Signed-off-by: Zheng Liu <wenqing.lz@...bao.com>
Cc: "Theodore Ts'o" <tytso@....edu>
Cc: Jan kara <jack@...e.cz>
---
fs/ext4/extents.c | 6 +-
fs/ext4/extents_status.c | 180 ++++++++++++++++++++++++++++++++++++++++----
fs/ext4/extents_status.h | 2 +
fs/ext4/inode.c | 5 ++
fs/ext4/page-io.c | 8 +-
include/trace/events/ext4.h | 25 ++++++
6 files changed, 208 insertions(+), 18 deletions(-)

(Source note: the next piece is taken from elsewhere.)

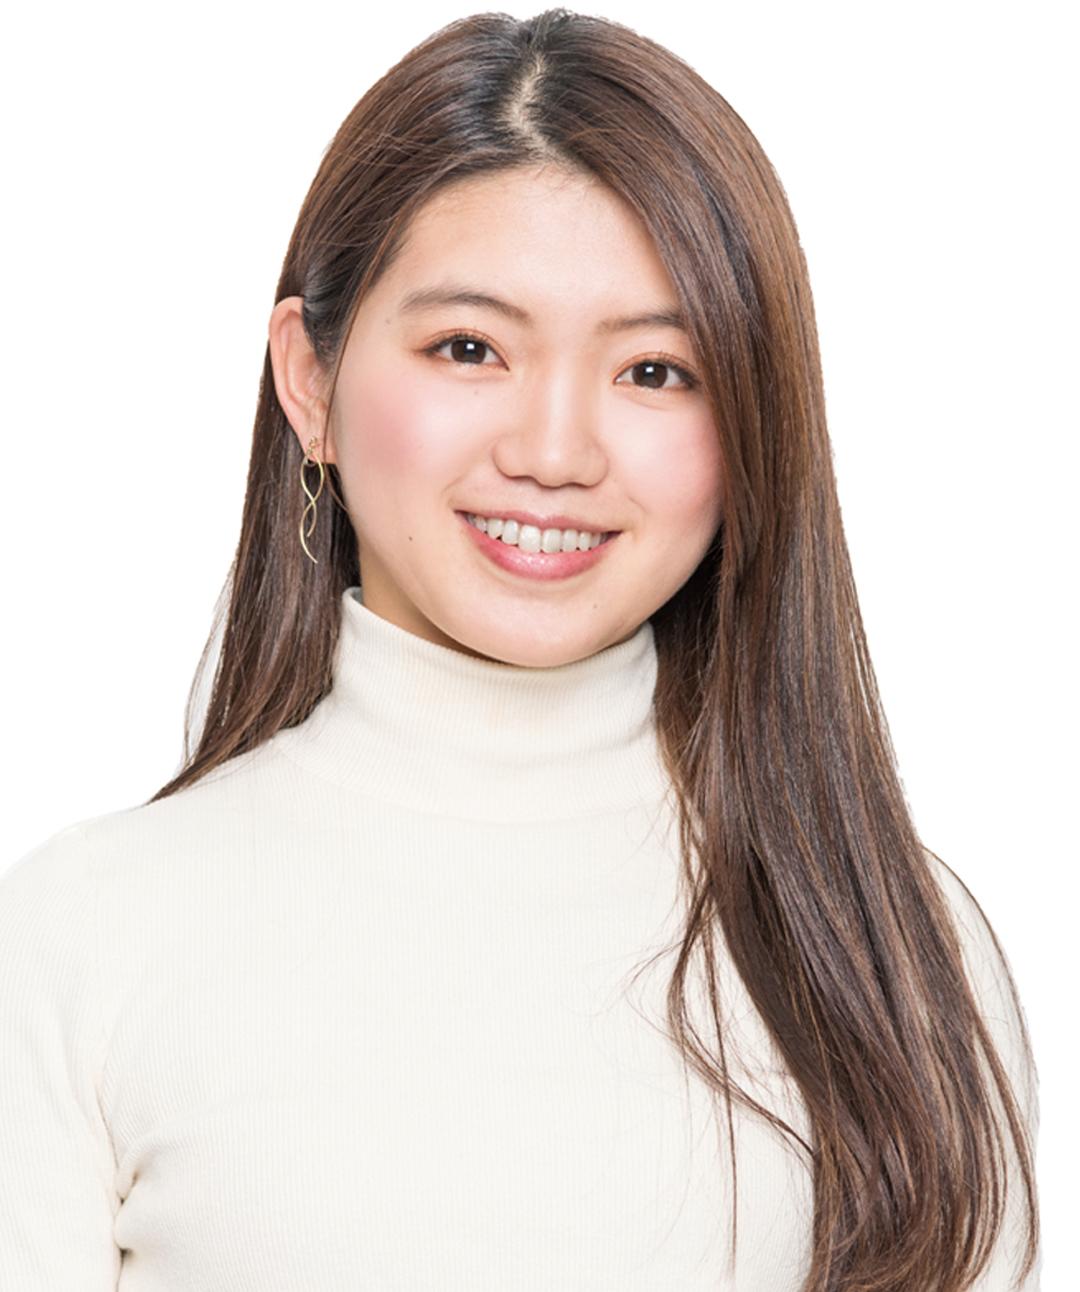 祝♡ 新加入! 5期生のブログをまとめてチェック【カワイイ選抜】_1_13-14

diff --git a/fs/ext4/extents.c b/fs/ext4/extents.c
index 9f21430..a03cabf 100644
--- a/fs/ext4/extents.c
+++ b/fs/ext4/extents.c
@@ -4443,8 +4443,10 @@ int ext4_convert_unwritten_extents(struct inode *inode, loff_t offset,
ret = PTR_ERR(handle);
break;
}
- ret = ext4_map_blocks(handle, inode, &map,
- EXT4_GET_BLOCKS_IO_CONVERT_EXT);
+ down_write(&EXT4_I(inode)->i_data_sem);
+ ret = ext4_ext_map_blocks(handle, inode, &map,
+ EXT4_GET_BLOCKS_IO_CONVERT_EXT);
+ up_write(&EXT4_I(inode)->i_data_sem);
if (ret <= 0) {
WARN_ON(ret <= 0);
ext4_msg(inode->i_sb, KERN_ERR,
diff --git a/fs/ext4/extents_status.c b/fs/ext4/extents_status.c
index bac5286..eab8893 100644
--- a/fs/ext4/extents_status.c
+++ b/fs/ext4/extents_status.c
@@ -248,10 +248,11 @@ ext4_lblk_t ext4_es_find_delayed_extent(struct inode *inode,
struct extent_status *es1 = NULL;
struct rb_node *node;
ext4_lblk_t ret = EXT_MAX_BLOCKS;
+ unsigned long flags;
trace_ext4_es_find_delayed_extent_enter(inode, es->es_lblk);
- read_lock(&EXT4_I(inode)->i_es_lock);
+ read_lock_irqsave(&EXT4_I(inode)->i_es_lock, flags);
tree = &EXT4_I(inode)->i_es_tree;
/* find extent in cache firstly */
@@ -291,7 +292,7 @@ out:
}
}
- read_unlock(&EXT4_I(inode)->i_es_lock);
+ read_unlock_irqrestore(&EXT4_I(inode)->i_es_lock, flags);
ext4_es_lru_add(inode);
trace_ext4_es_find_delayed_extent_exit(inode, es, ret);
@@ -458,6 +459,7 @@ int ext4_es_insert_extent(struct inode *inode, ext4_lblk_t lblk,
{
struct extent_status newes;
ext4_lblk_t end = lblk + len - 1;
+ unsigned long flags;
int err = 0;
es_debug("add [%u/%u) %llu %llx to extent status tree of inode %lu\n",
@@ -471,14 +473,14 @@ int ext4_es_insert_extent(struct inode *inode, ext4_lblk_t lblk,
ext4_es_store_status(&newes, status);
trace_ext4_es_insert_extent(inode, &newes);
- write_lock(&EXT4_I(inode)->i_es_lock);
+ write_lock_irqsave(&EXT4_I(inode)->i_es_lock, flags);
err = __es_remove_extent(inode, lblk, end);
if (err != 0)
goto error;
err = __es_insert_extent(inode, &newes);
error:
- write_unlock(&EXT4_I(inode)->i_es_lock);
+ write_unlock_irqrestore(&EXT4_I(inode)->i_es_lock, flags);
ext4_es_lru_add(inode);
ext4_es_print_tree(inode);
@@ -498,13 +500,14 @@ int ext4_es_lookup_extent(struct inode *inode, struct extent_status *es)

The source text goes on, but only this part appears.